Après six années d’effacement sur la scène internationale, la nouvelle cheffe d'Etat mexicaine pourrait bien refaire entendre la voix de son pays dans les forums internationaux. La chercheuse qui a suivi de près l’action de Claudia Sheinbaum rappelle que de nombreux programmes mis en place par l’ancienne maire de Mexico ont eu un véritable impact sur la vie de la population. Si elle a soigné sa stature présidentiable, elle pourrait bien se garder d’entretenir l’image populiste de l’actuel chef de l’Etat.

Le Mexique, champion de la représentation des femmes en politique

"Héritière" ou pas, Claudia Sheinbaum est déjà entrée dans l’Histoire.
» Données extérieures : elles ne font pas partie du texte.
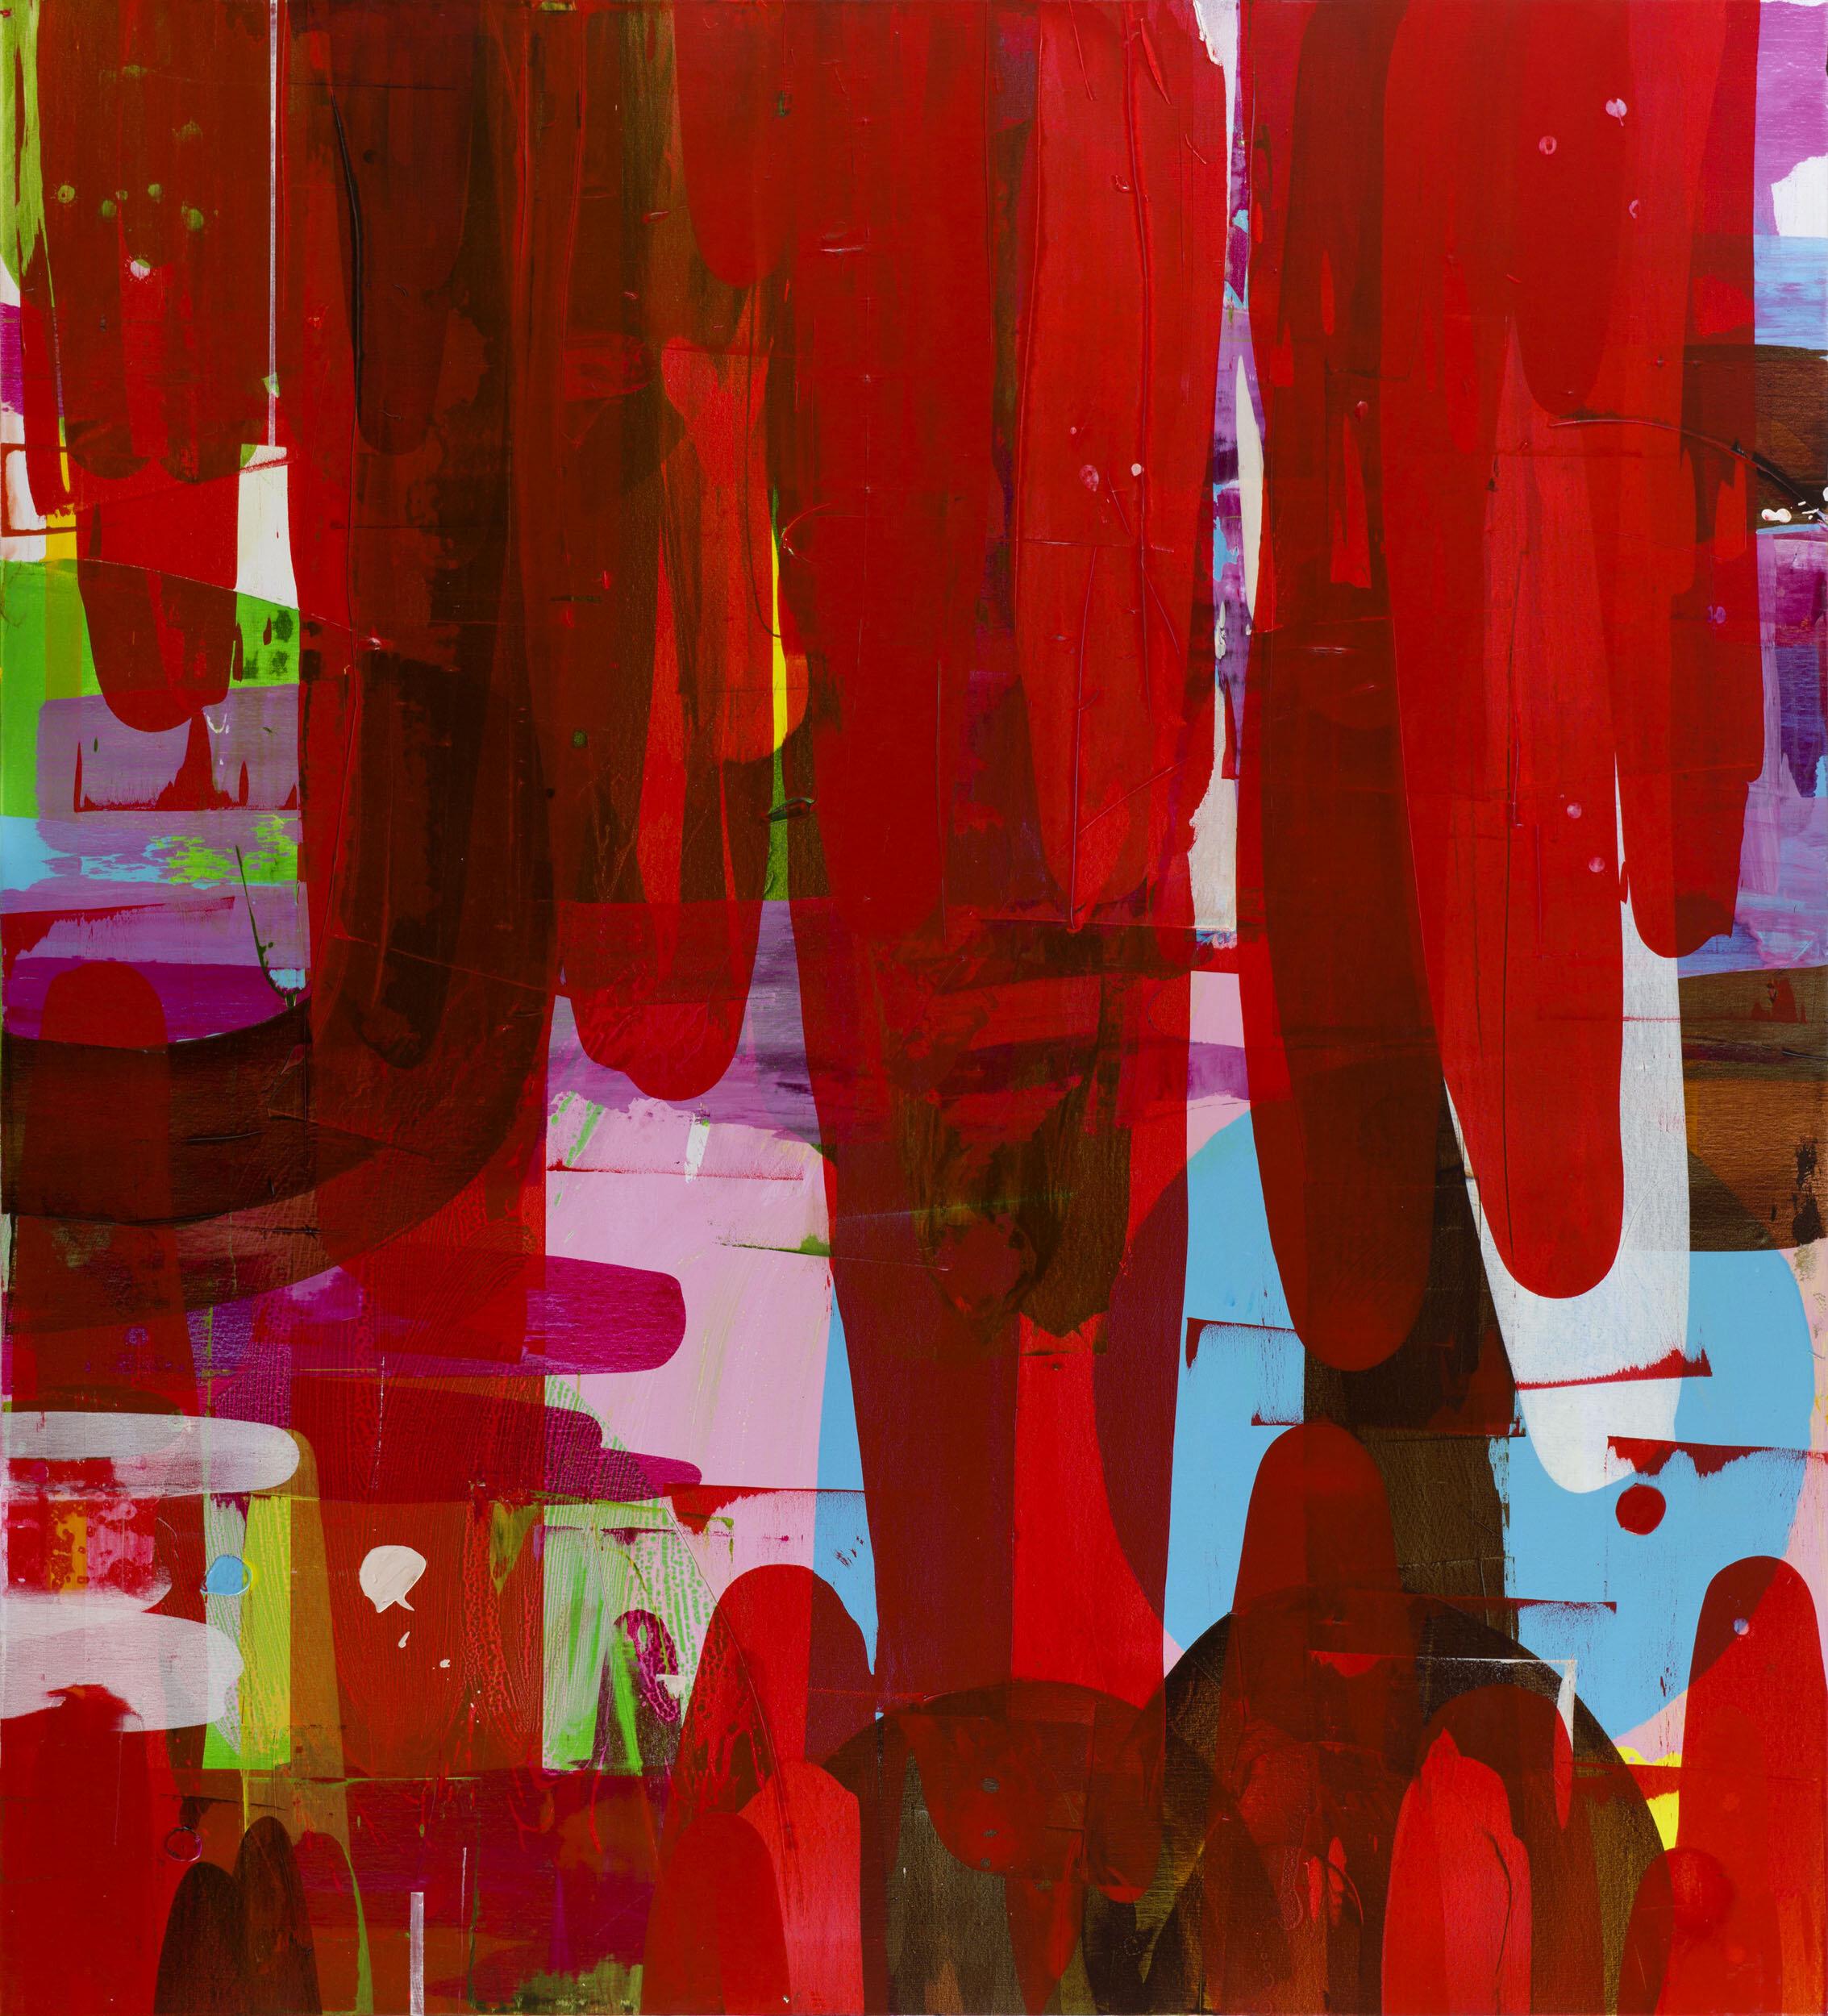 Astrid Sylwan   Love and all its glory  2010 Signerad och daterad a tergo  Akryl på duk 220 x 200 cm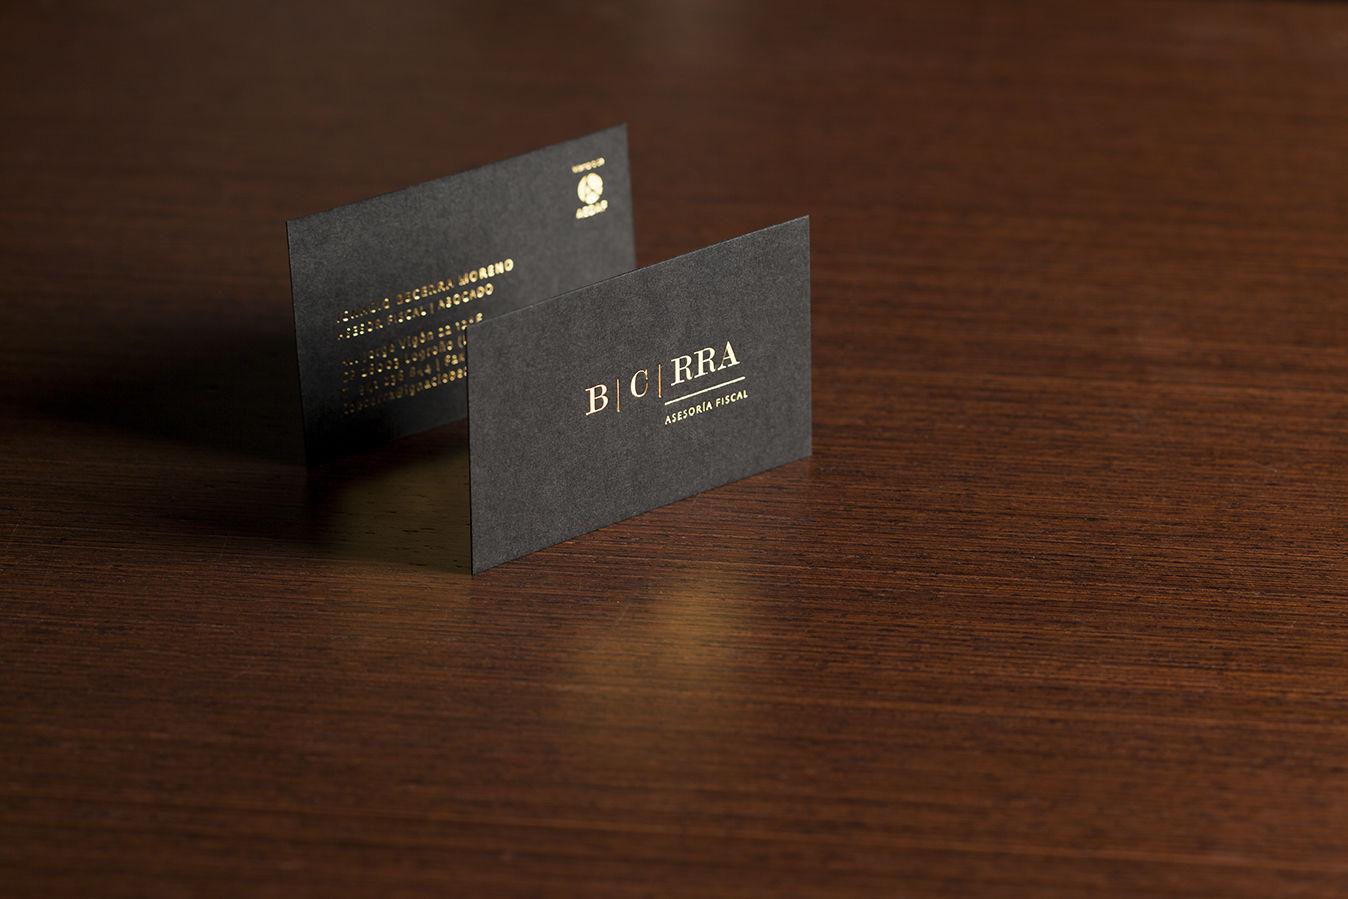 diseño-grafico-logroño-logotipo-tarjeta-becerra

Gaspard Estrada, Directeur Exécutif de l’Observatoire politique de l’Amérique latine et des Caraïbes de Sciences Po, insiste sur le fait que la double candidature féminine et la victoire de la nouvelle présidente sont le résultat de politiques et de lois en faveur de la représentation politique des femmes. "Il faut rappeler que le Mexique bat les records latino-américains en la matière. Maintenant, il faut que leur élection se traduise en véritables politiques pour le droit des femmes", estime-t-il. Si Claudia Sheinbaum se dit féministe et célèbre "le temps des femmes", les collectifs féministes se montrent plus que sceptiques.

    C’est évidemment historique d’avoir une femme présidente de ce pays mais ce n’est pas une fin en soi. Arussi Unda, membre du collectif Brujas del Mar

Aux rênes de la ville de Mexico, Claudia Scheinbaum entretenait une relation complexe avec les manifestations féministes et les "Guacamaya papers" ont prouvé que des féministes étaient sous surveillance policière et militaire. Figure du féminisme de l’Etat de Veracruz, Arussi Unda, membre du collectif Brujas del Mar, les sorcières de la mer, se souvient que pendant sa campagne pour la ville de Mexico, celle-ci "s’était assise avec de nombreuses organisations qu’elle a ignorées par la suite". "C’est évidemment historique d’avoir une femme présidente de ce pays mais ce n’est pas une fin en soi", conclut-elle.